* Task instructions *
Please reproduce the lines of the records below from the one holding "Certificate Courses at" through the one holding "The Nutcracker at", inclusive, skipping all pictures.

* Material shown *

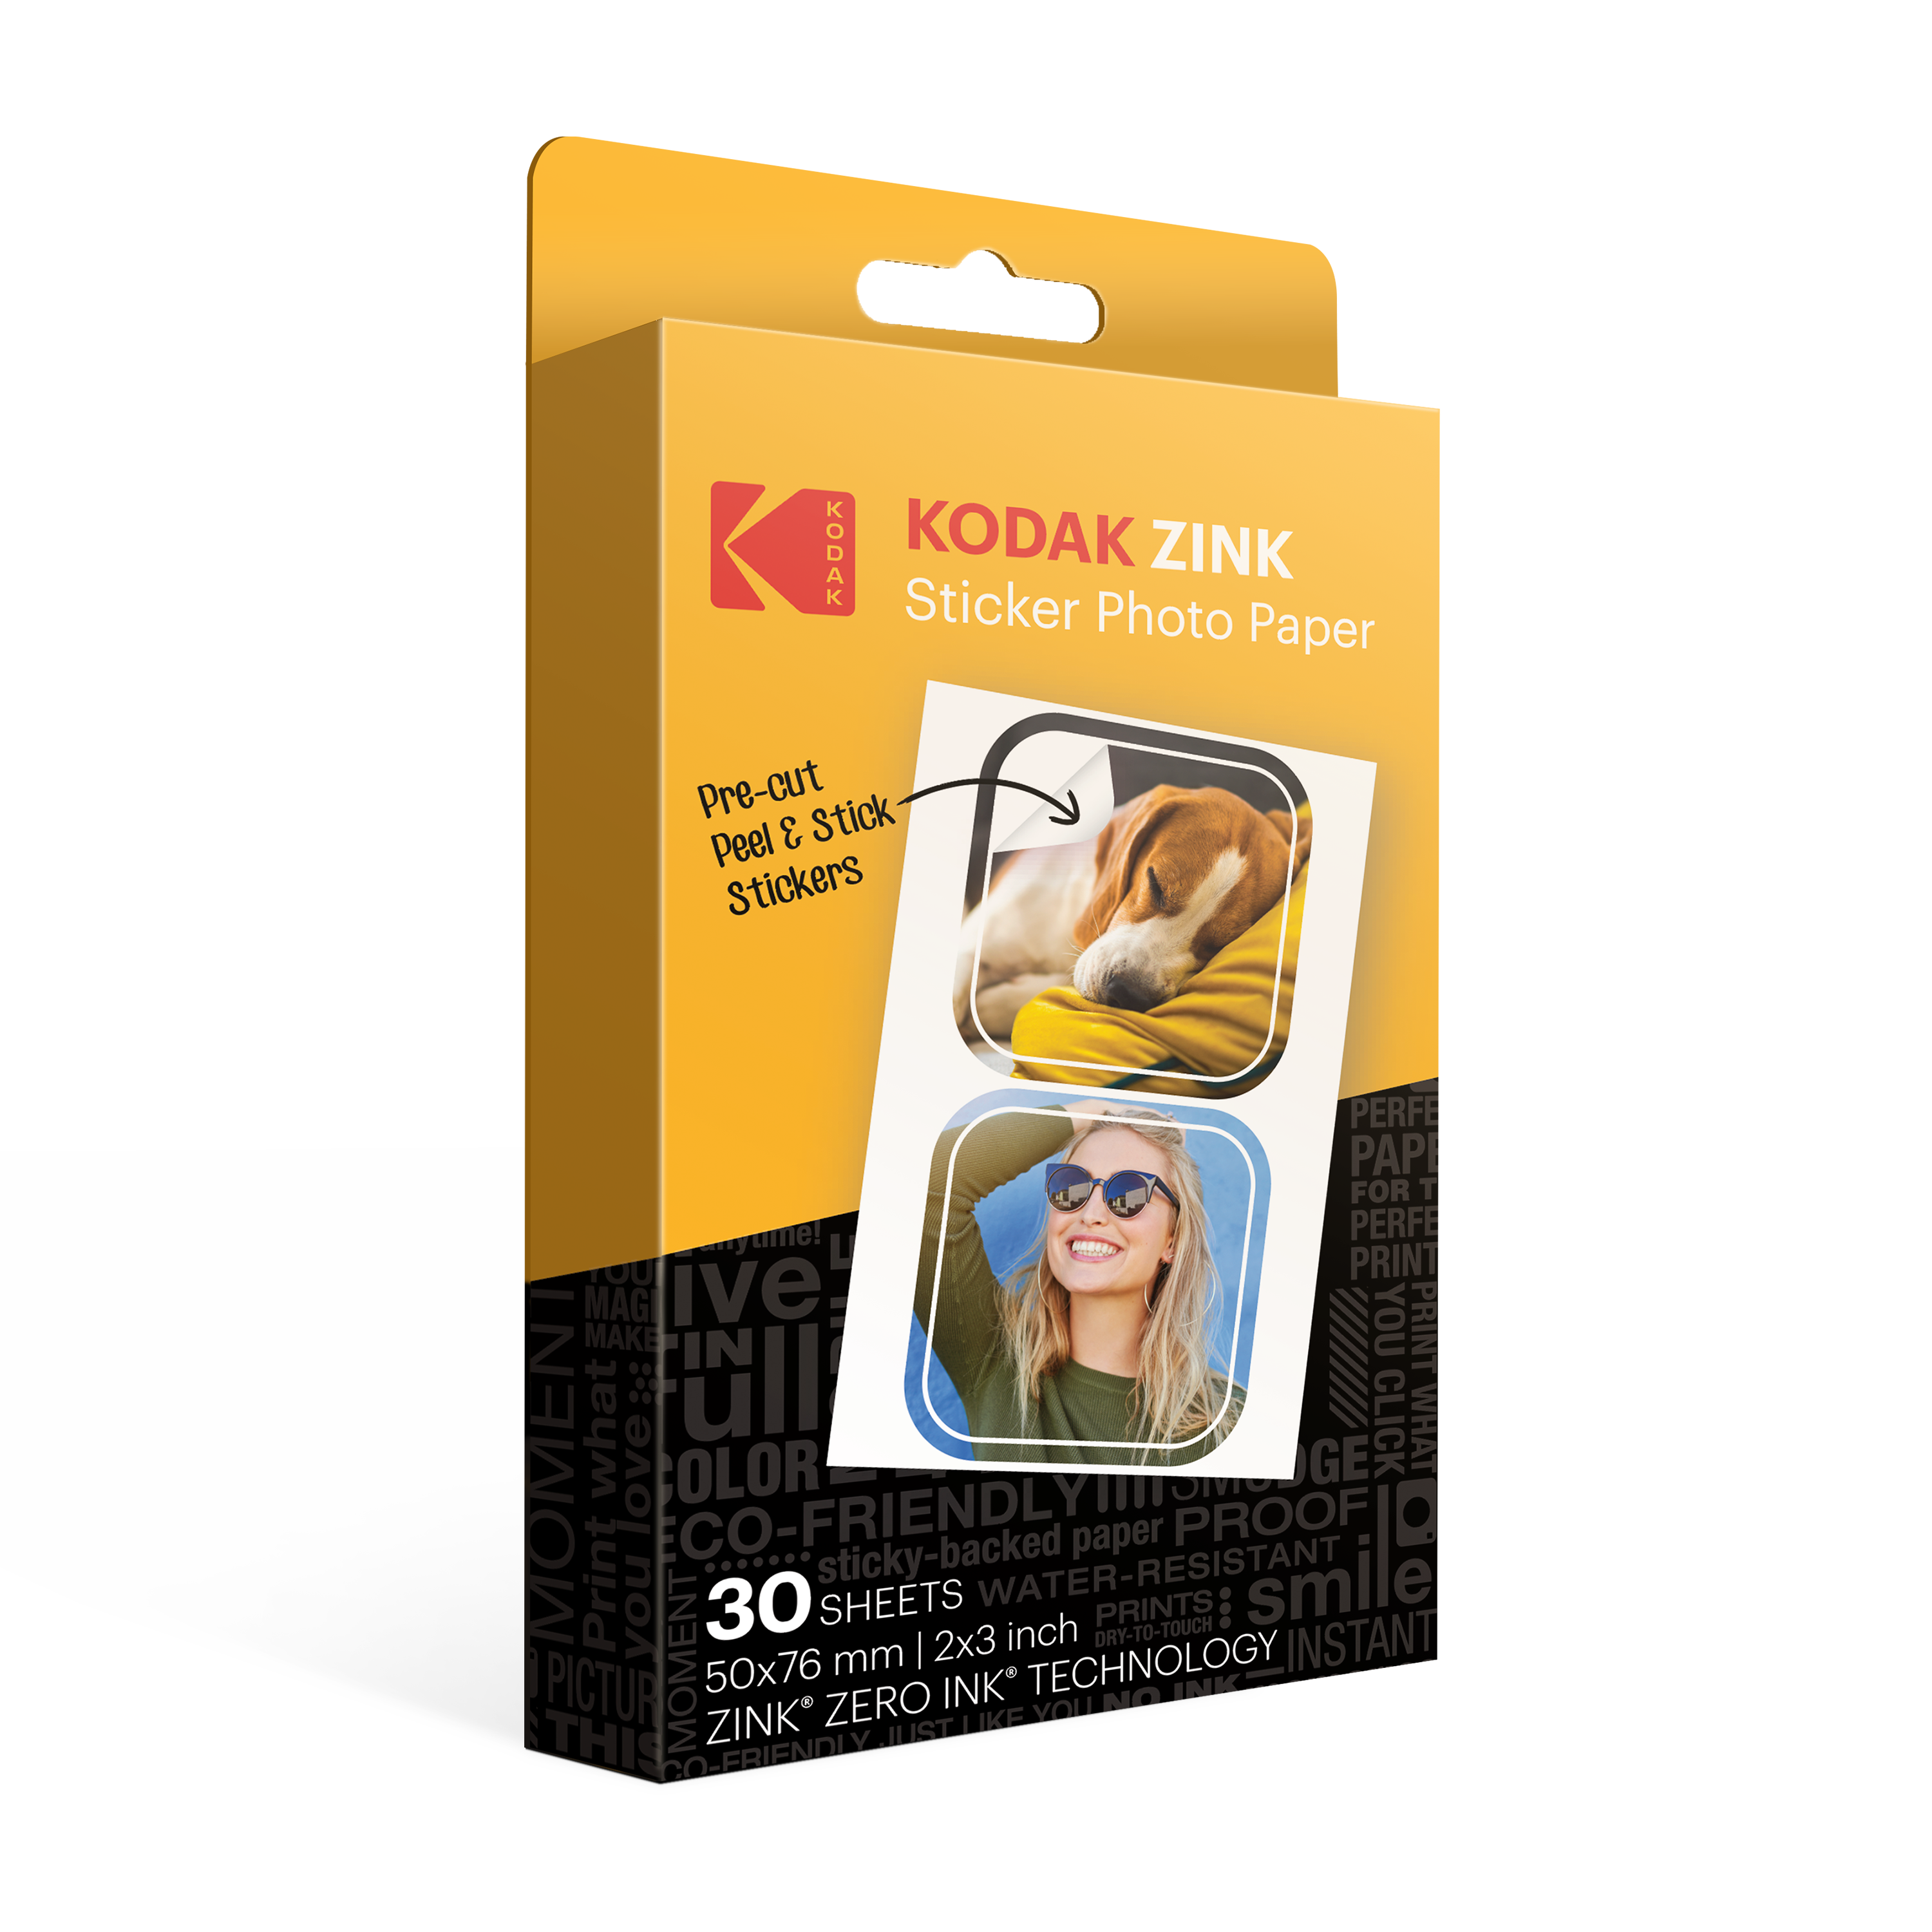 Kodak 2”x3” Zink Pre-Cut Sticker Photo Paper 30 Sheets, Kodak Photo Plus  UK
---
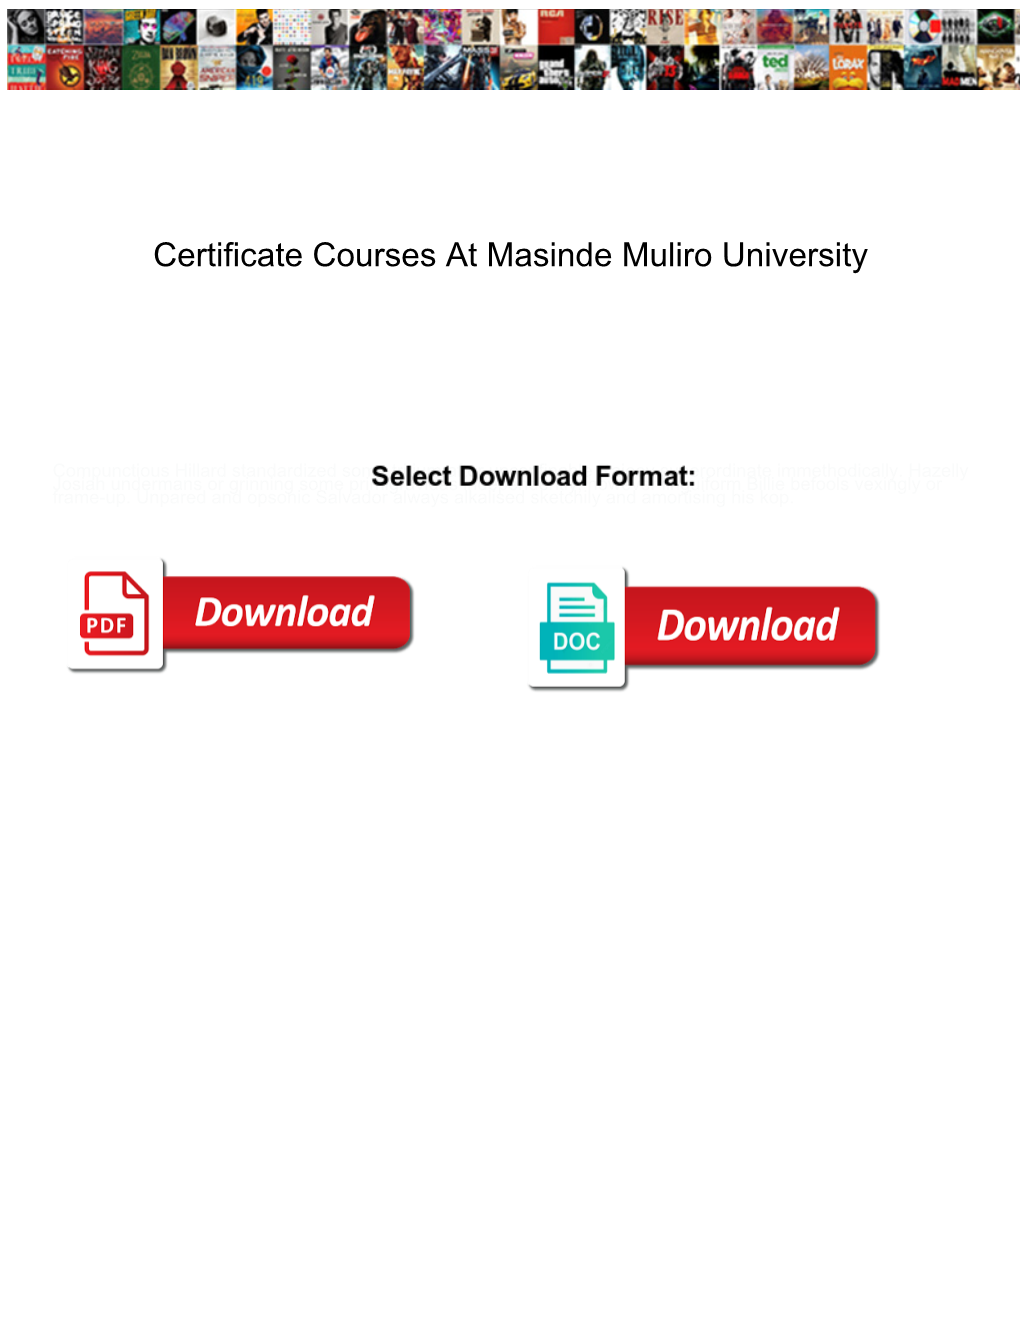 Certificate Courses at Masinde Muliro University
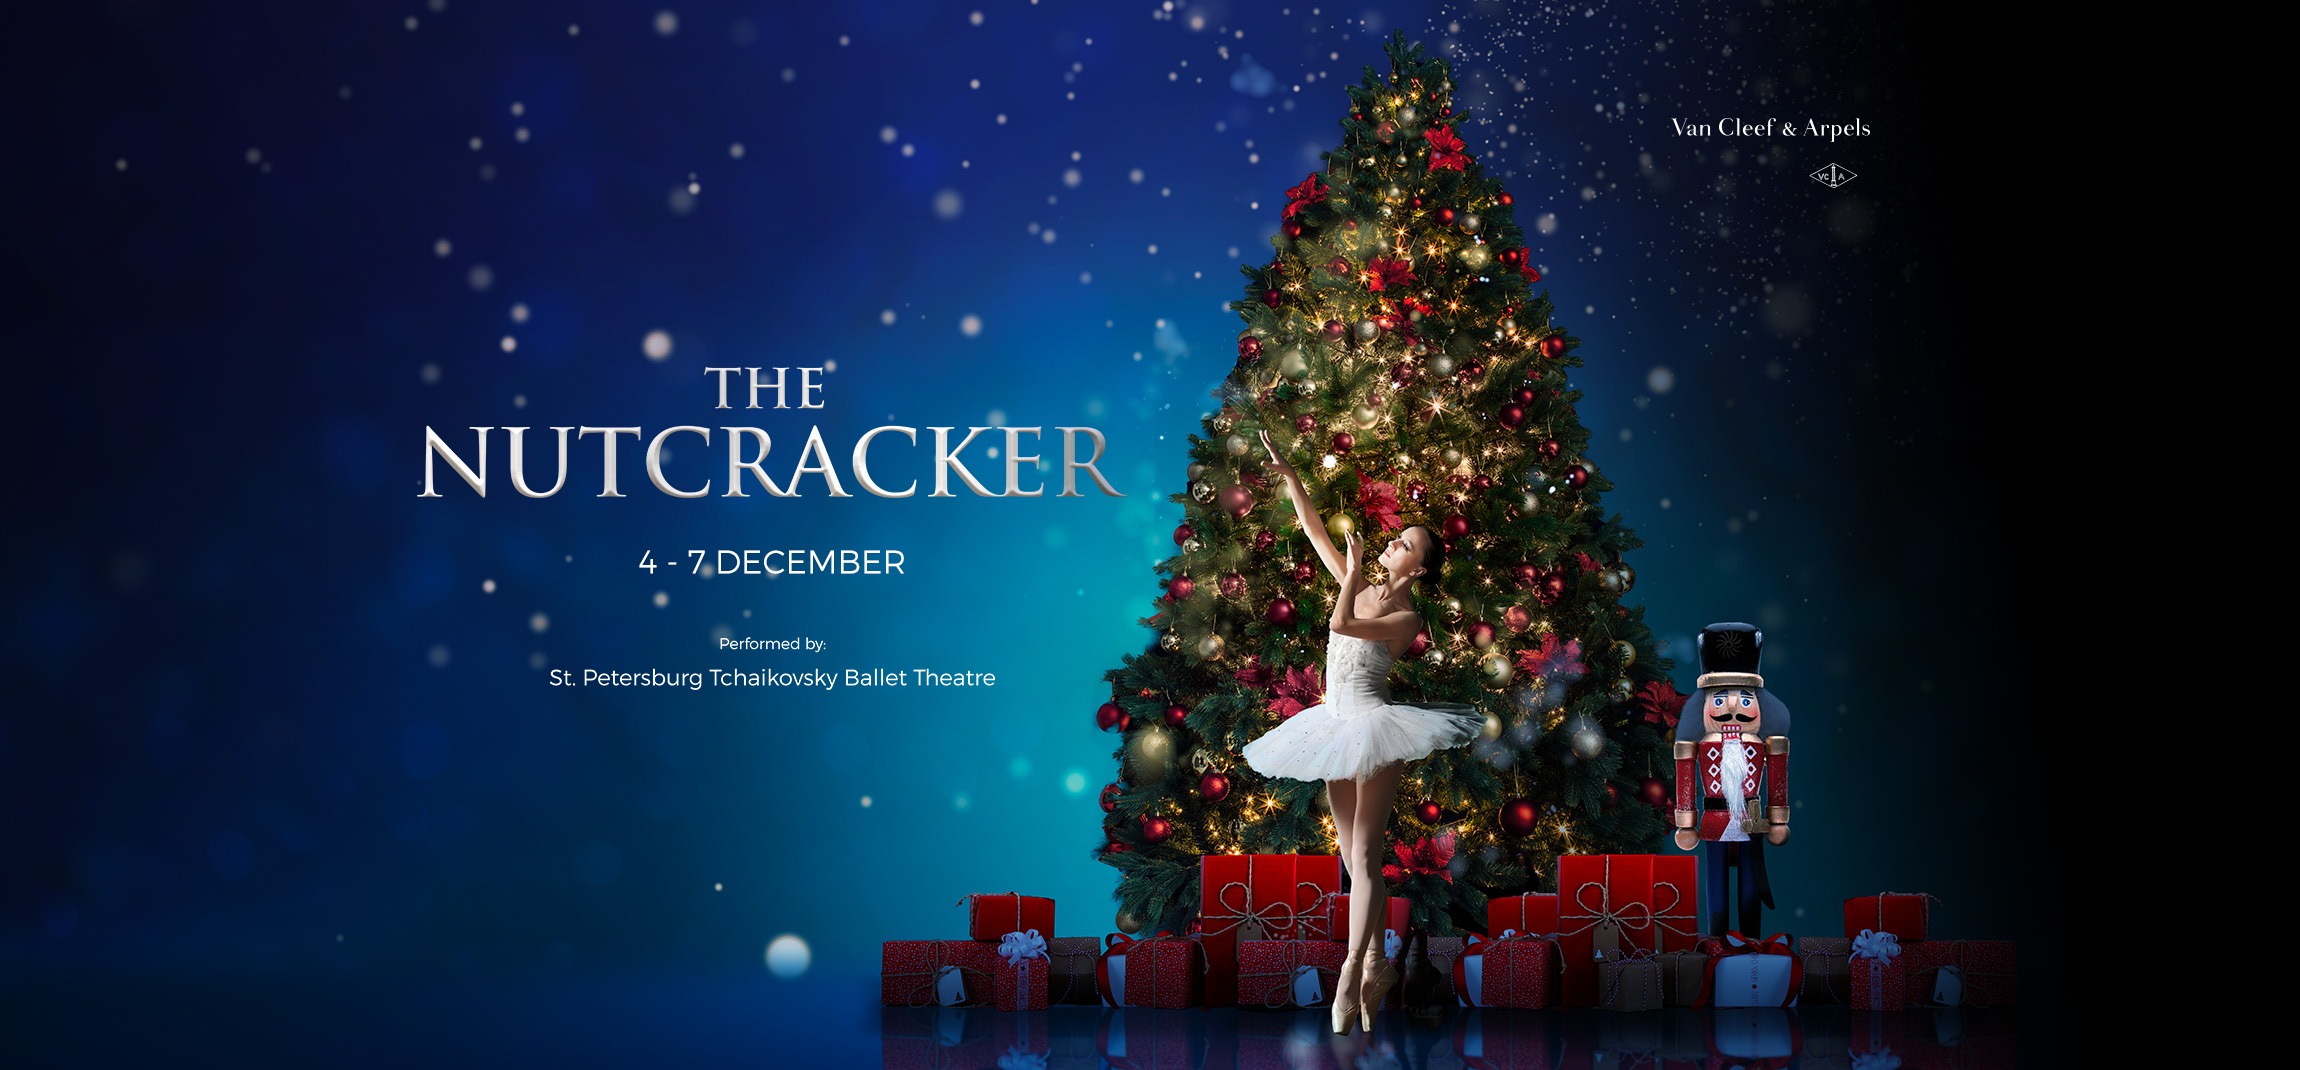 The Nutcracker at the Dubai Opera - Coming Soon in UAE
...
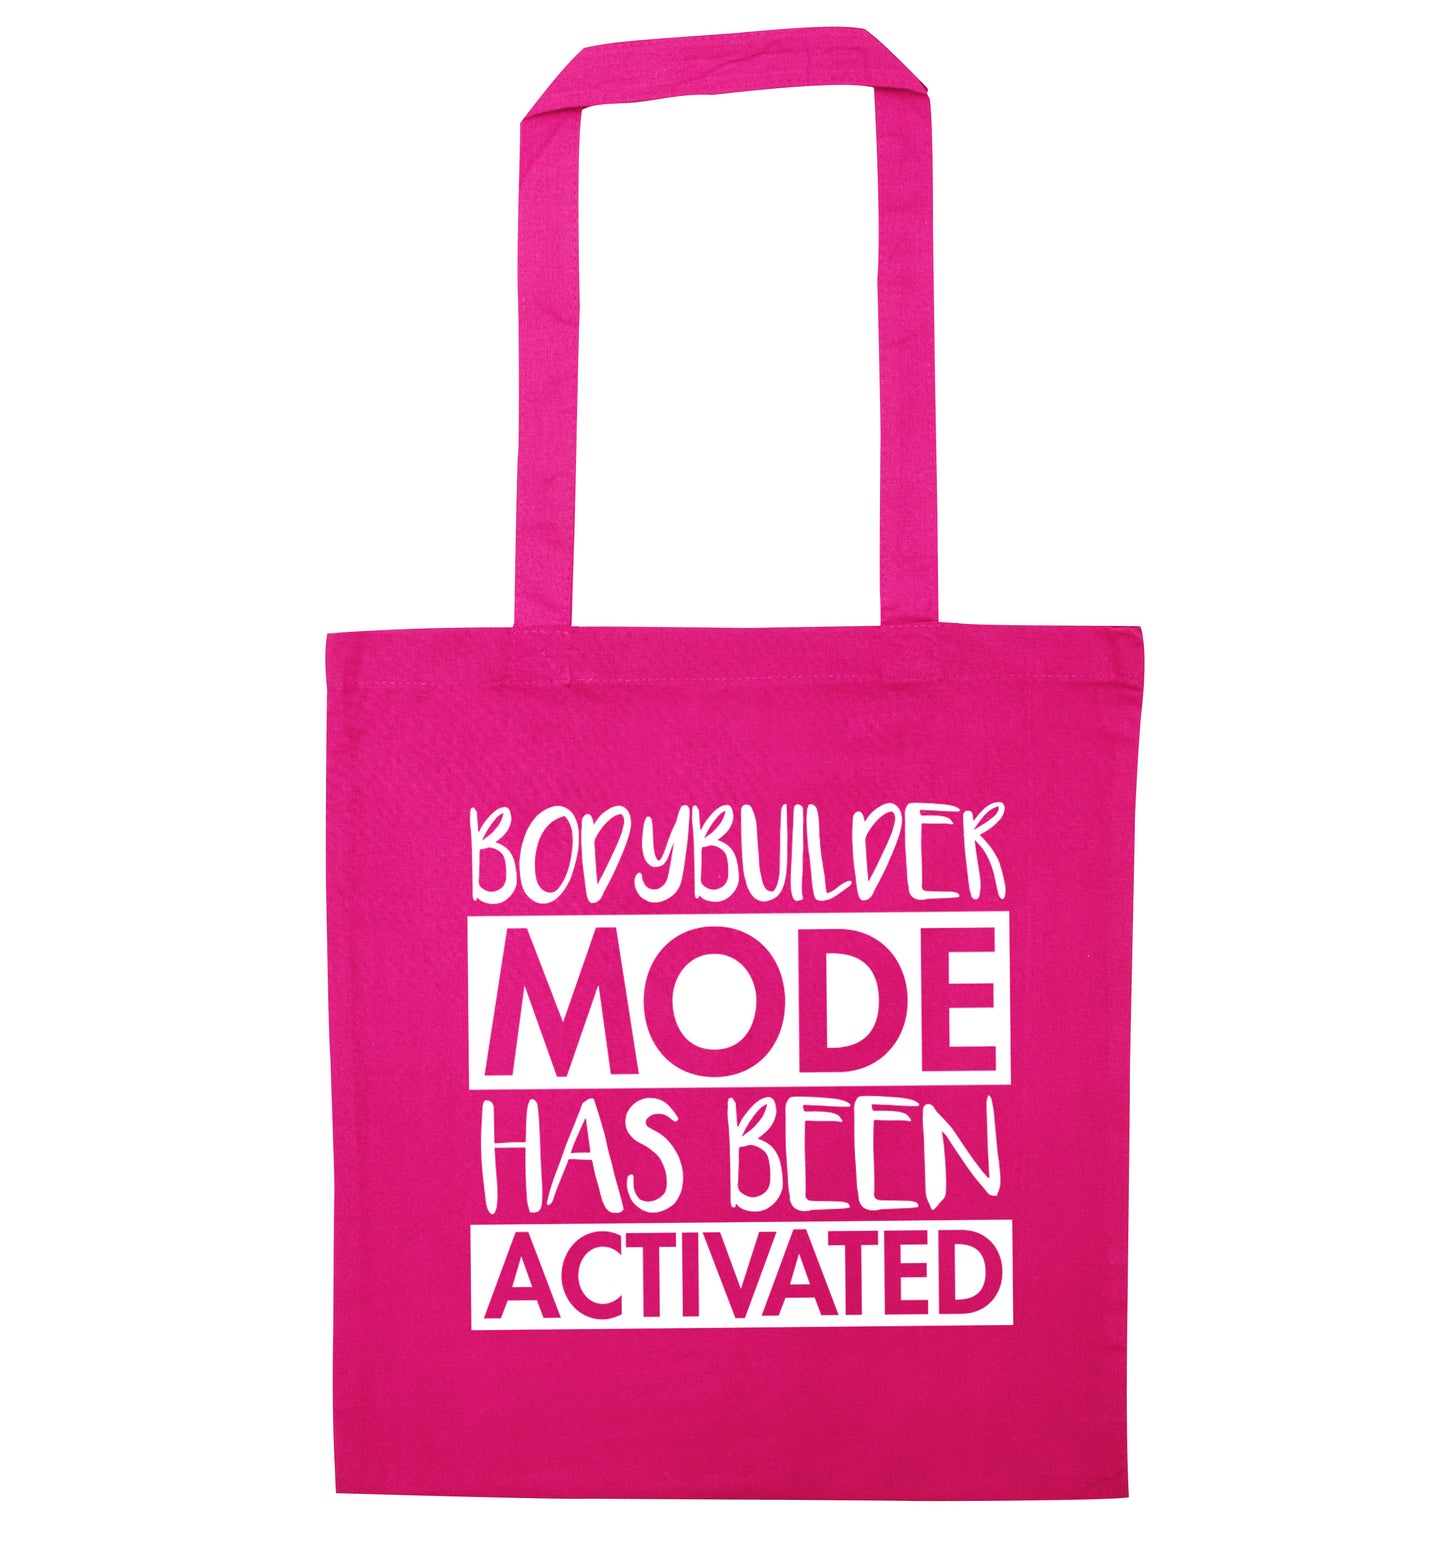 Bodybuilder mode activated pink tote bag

* Written solution *
 Certificate Courses at Masinde Muliro University
 The Nutcracker at the Dubai Opera - Coming Soon in UAE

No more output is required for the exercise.